1. ## Laurent expansions

In my textbook, as part of an example, I am given that " $\frac{1}{{{{\left( {z - 1} \right)}^2}}}$ is its own Laurent expansion about z = 1, where it has a double pole."

My reasoning is this:

If we define a punctured disc centred at 1 with radius r > 0, then we can express it as a Laurent series $\sum\limits_{n = - \infty }^\infty {{c_n}{{\left( {z - 1} \right)}^n}}$, where ${c_n} = \frac{1}{{2\pi i}}\int_\gamma {\frac{{f\left( w \right)}}{{{{\left( {w - 1} \right)}^{n + 1}}}}{\rm{ }}} {\rm{d}}w$. Having a double pole means that ${c_{ - 2}} \ne 0$, while ${c_i} = 0$, for all i < -2.
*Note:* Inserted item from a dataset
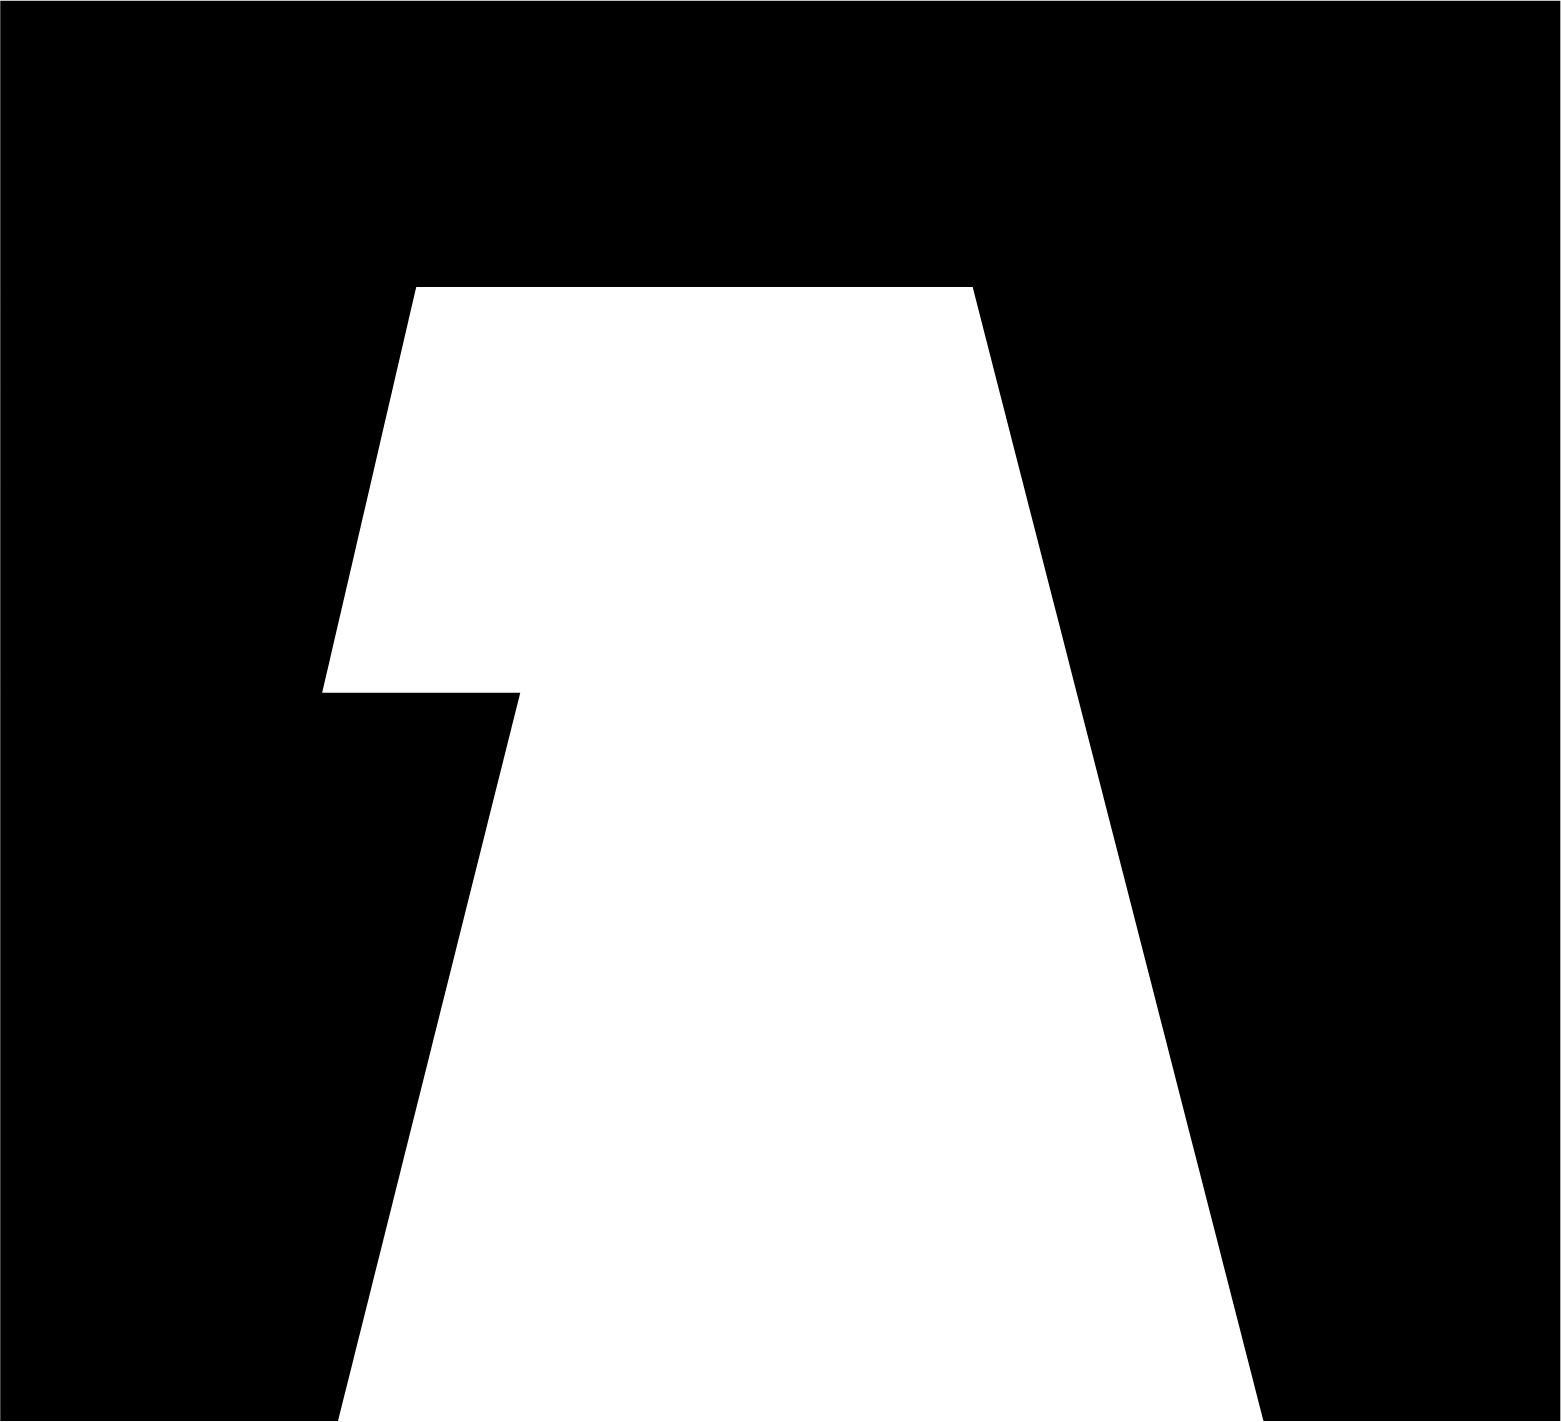 Adler Group logo (PNG transparent)

How am I supposed to compute the coefficients of the Laurent series? Am I supposed to use the formula for ${c_n}$ described above? All I seem to be able to do is the following:

${c_n} = \frac{1}{{2\pi i}}\int_\gamma {\frac{{f\left( w \right)}}{{{{\left( {w - 1} \right)}^{n + 1}}}}{\rm{ }}} {\rm{d}}w = \frac{1}{{2\pi i}}\int_\gamma {\frac{{\left( {\frac{1}{{{{\left( {w - 1} \right)}^2}}}} \right)}}{{{{\left( {w - 1} \right)}^{n + 1}}}}{\rm{ }}} {\rm{d}}w = \frac{1}{{2\pi i}}\int_\gamma {\frac{1}{{{{\left( {w - 1} \right)}^{n + 3}}}}{\rm{ }}} {\rm{d}}w$, so

${c_{ - 2}} = \frac{1}{{2\pi i}}\int_\gamma {\frac{1}{{{{\left( {w - 1} \right)}^{ - 1}}}}{\rm{ }}} {\rm{d}}w = \frac{1}{{2\pi i}}\int_\gamma {\left( {w - 1} \right){\rm{ }}} {\rm{d}}w$, which does not equal zero (what I am trying to show), and, for example, ${c_{ - 3}} = \frac{1}{{2\pi i}}\int_\gamma {\frac{1}{{{{\left( {w - 1} \right)}^{ - 2}}}}{\rm{ }}} {\rm{d}}w = \frac{1}{{2\pi i}}\int_\gamma {{{\left( {w - 1} \right)}^2}{\rm{ }}} {\rm{d}}w$, which does equal zero (what I am trying to show).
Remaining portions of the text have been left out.